Does anyone know if there is any validity to this blog post?

+1  A: 

This seems like it might help some people (if it's still true) who have fast enough connections for this to not matter. If you have a 100KB page and the person downloading it has a connection that downloads at 5 KB a second I bet that person hopes you weren't trying to do him a favor by not gzipping your content. There's also the bandwidth savings on your end to consider too. It seems like a bad idea to disable it for anyone.

Jon
+3  A: 

After reading it, I would say no, there is no validity to that blog post. None, in fact.

The writer just says "gzipping in Firefox 2 is slow". In fact, he says "eons slower". That's not really a measurement I'd base any application decisions on, as there is clearly some hyperbole there.
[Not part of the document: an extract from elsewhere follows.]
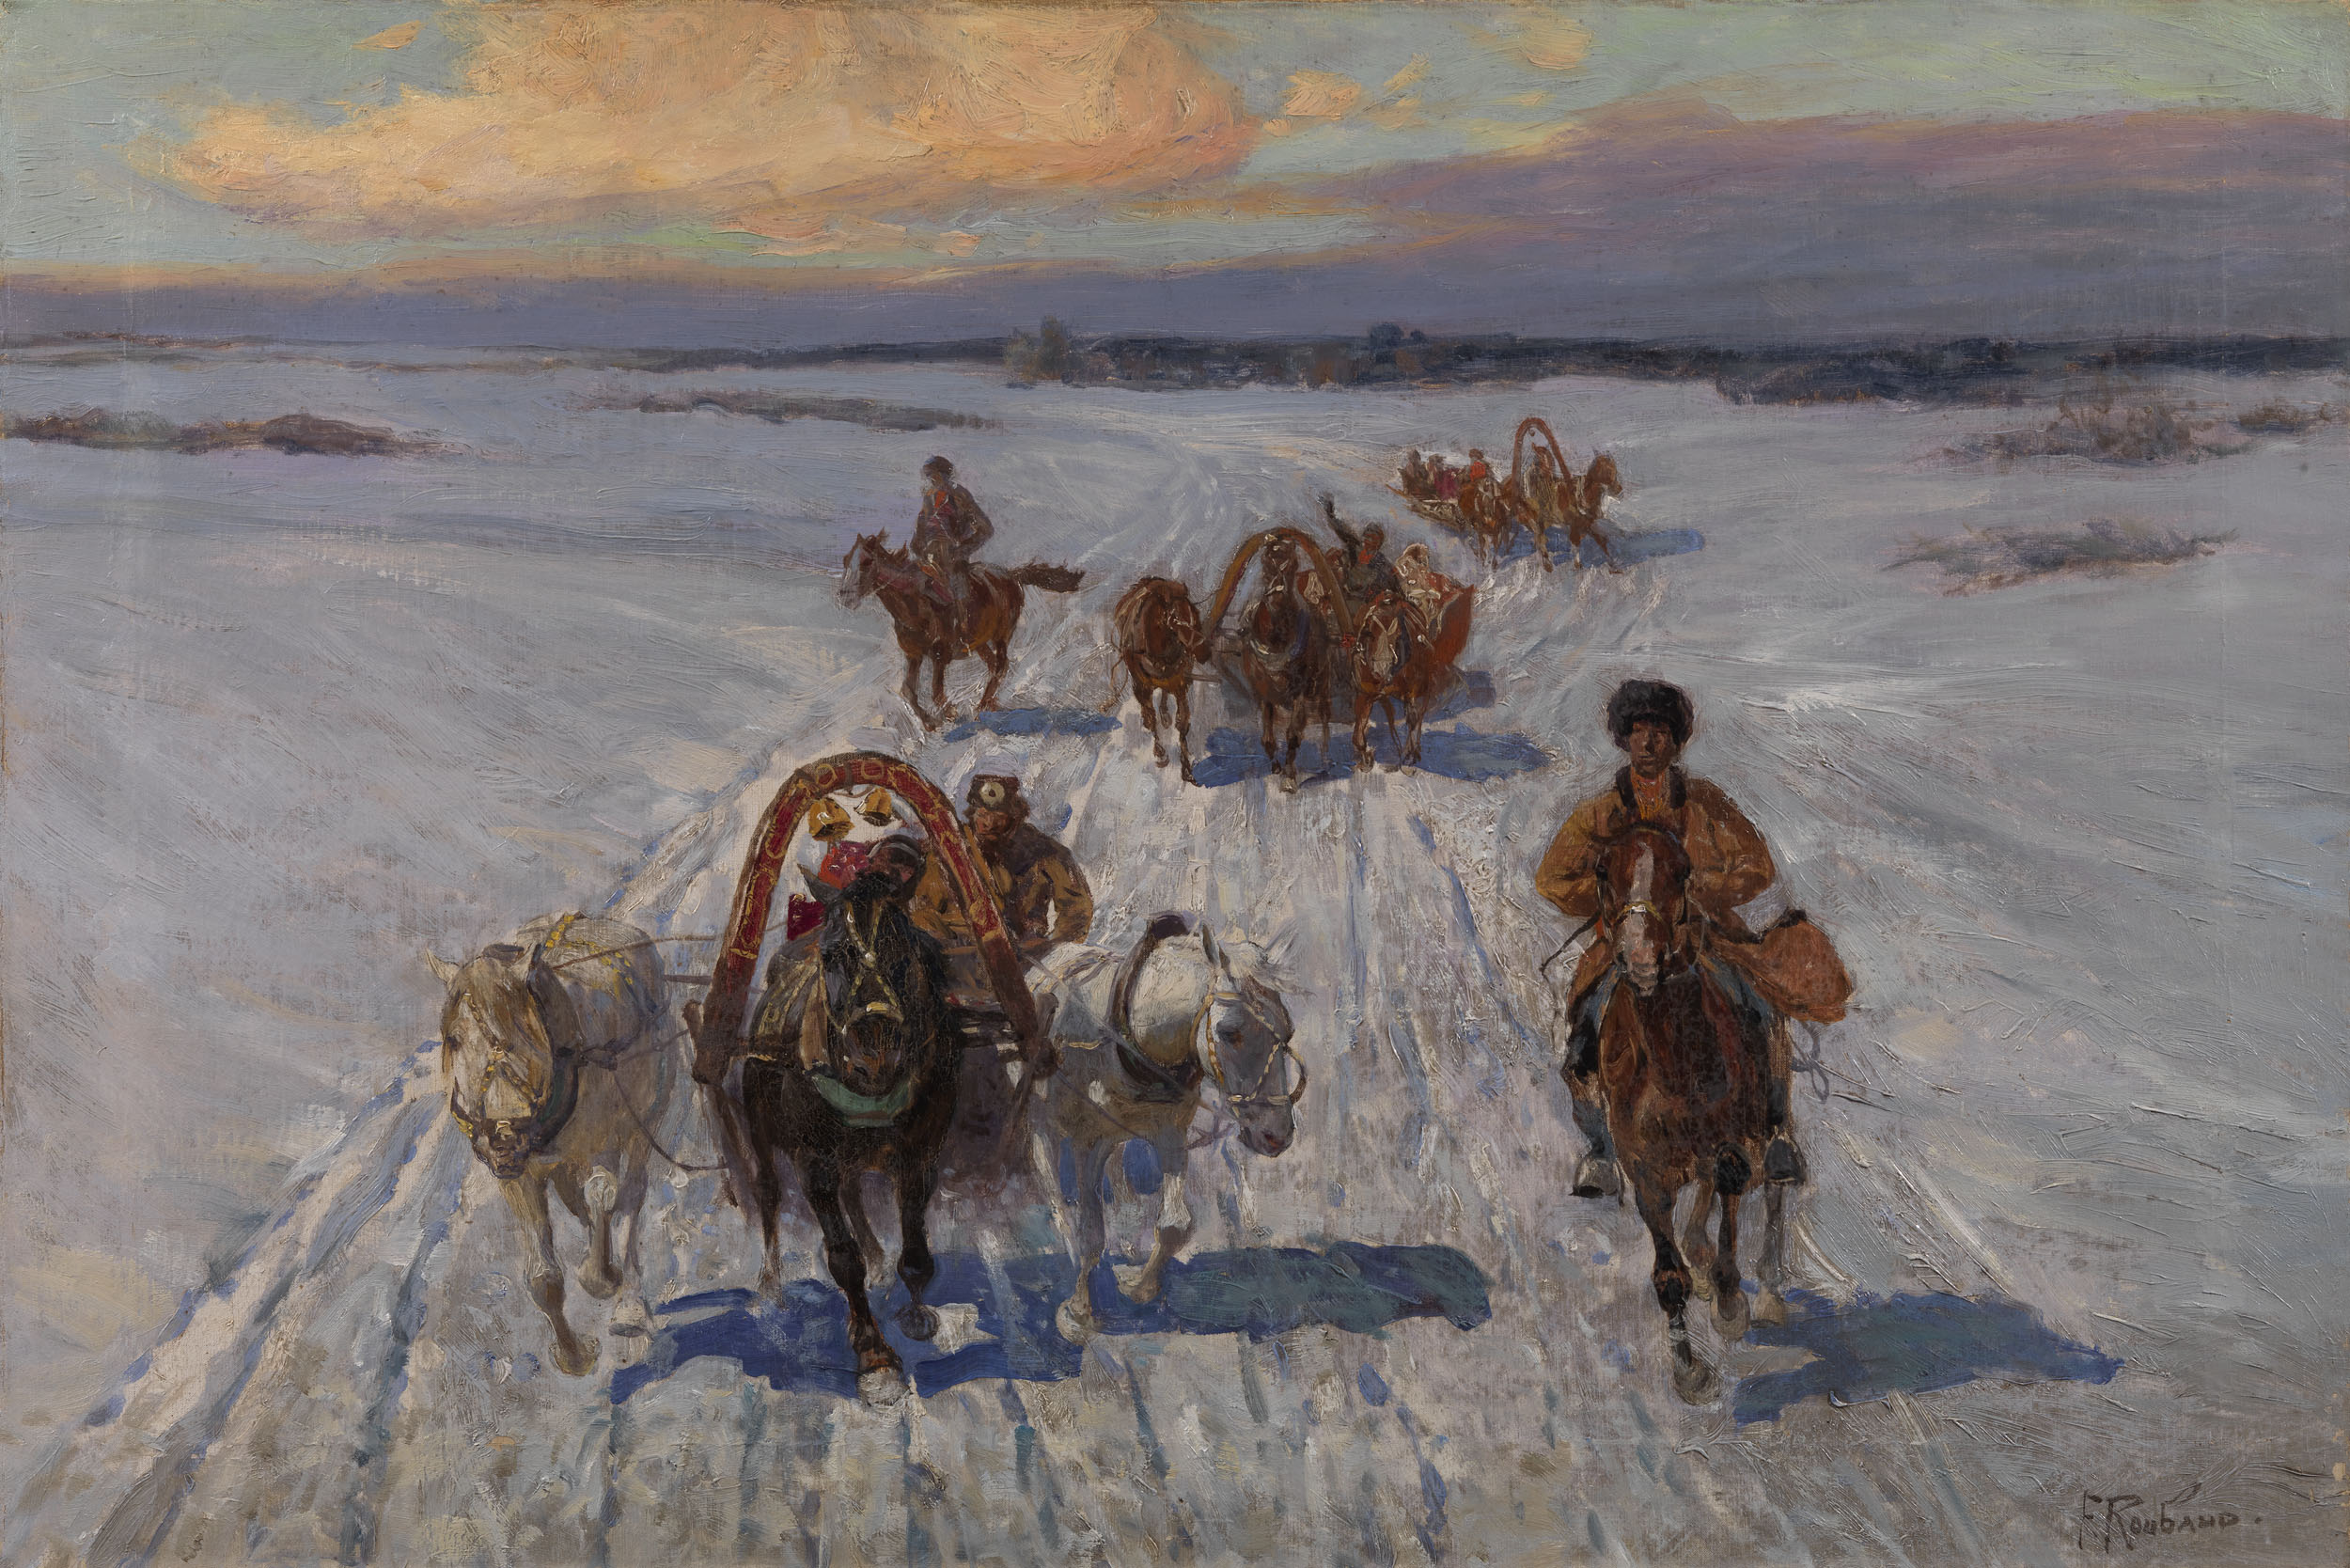 ROUBAUD, FRANTS Peasants on Troikas in Winter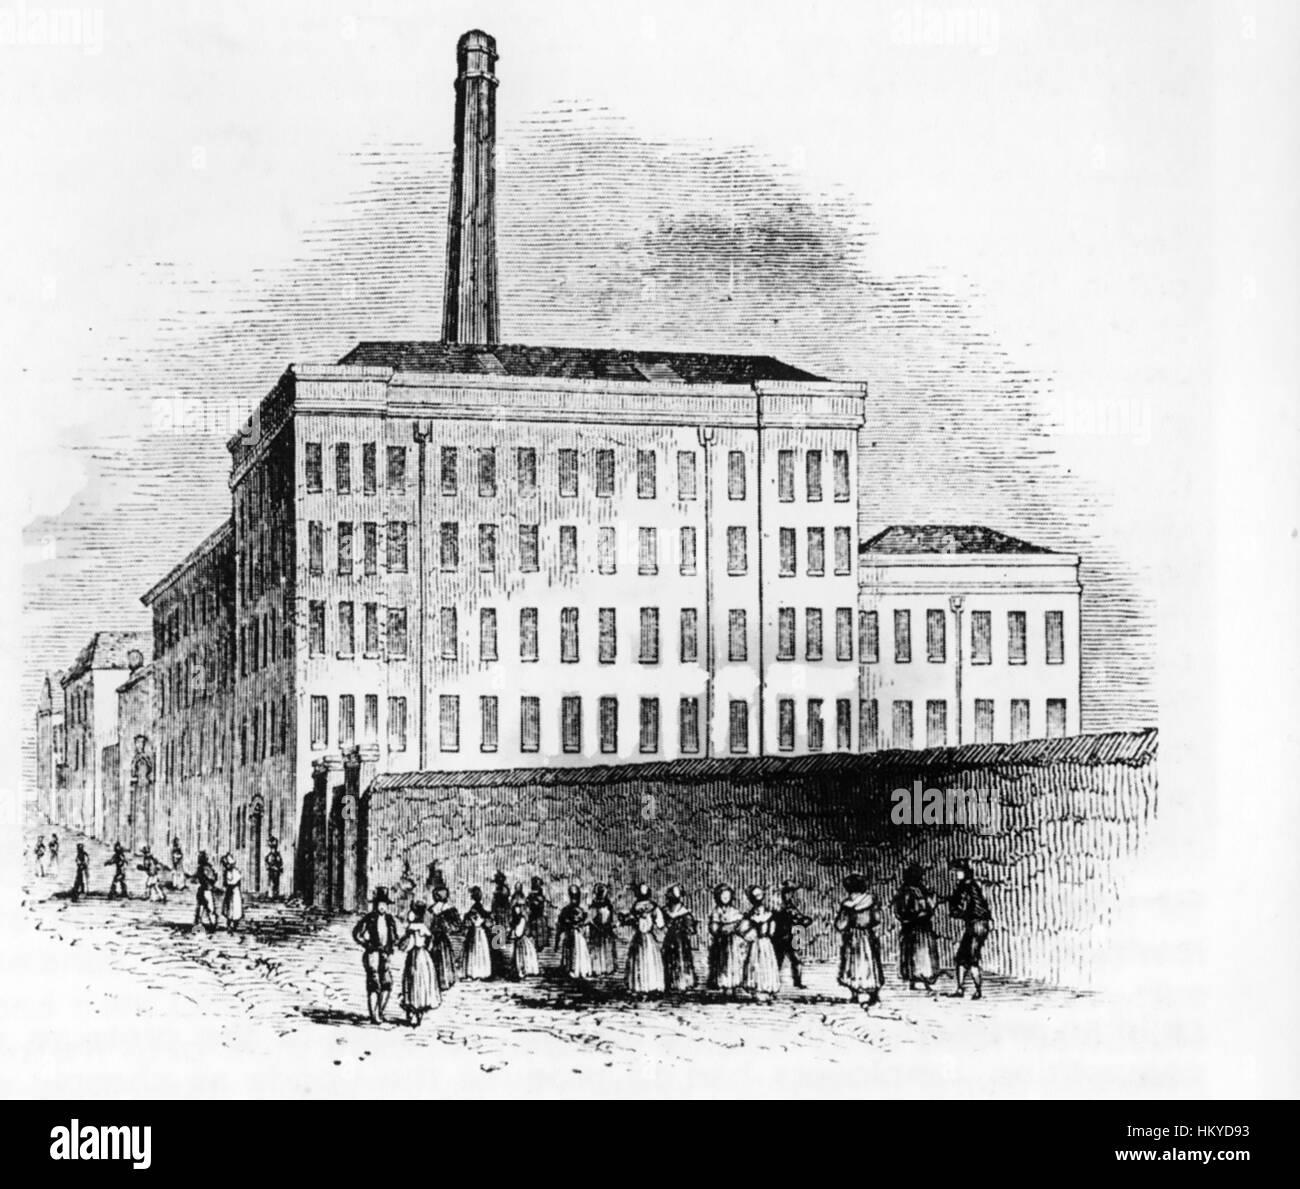 Linen Mill Stock Photos & Linen Mill Stock Images - Alamy

What this should indicate to you is that one person somewhere found that Firefox on some computer somewhere was seemingly slower when gzipped content on some server was turned on.

There's no benchmarks, or steps to reproduce, or indication of what kind of server settings were used or what kind of test output was sent.

At best, I would say if you're concerned about this, take a few minutes to run your own tests. Otherwise, I wouldn't put any stock in it unless someone comes up with a much more deterministic set of results.

zombat
A: 

I can only imagine that being valid if you have a fast pipe between the server and the client.

If there is anything in between - like the internet - I'd bet it's poor advice.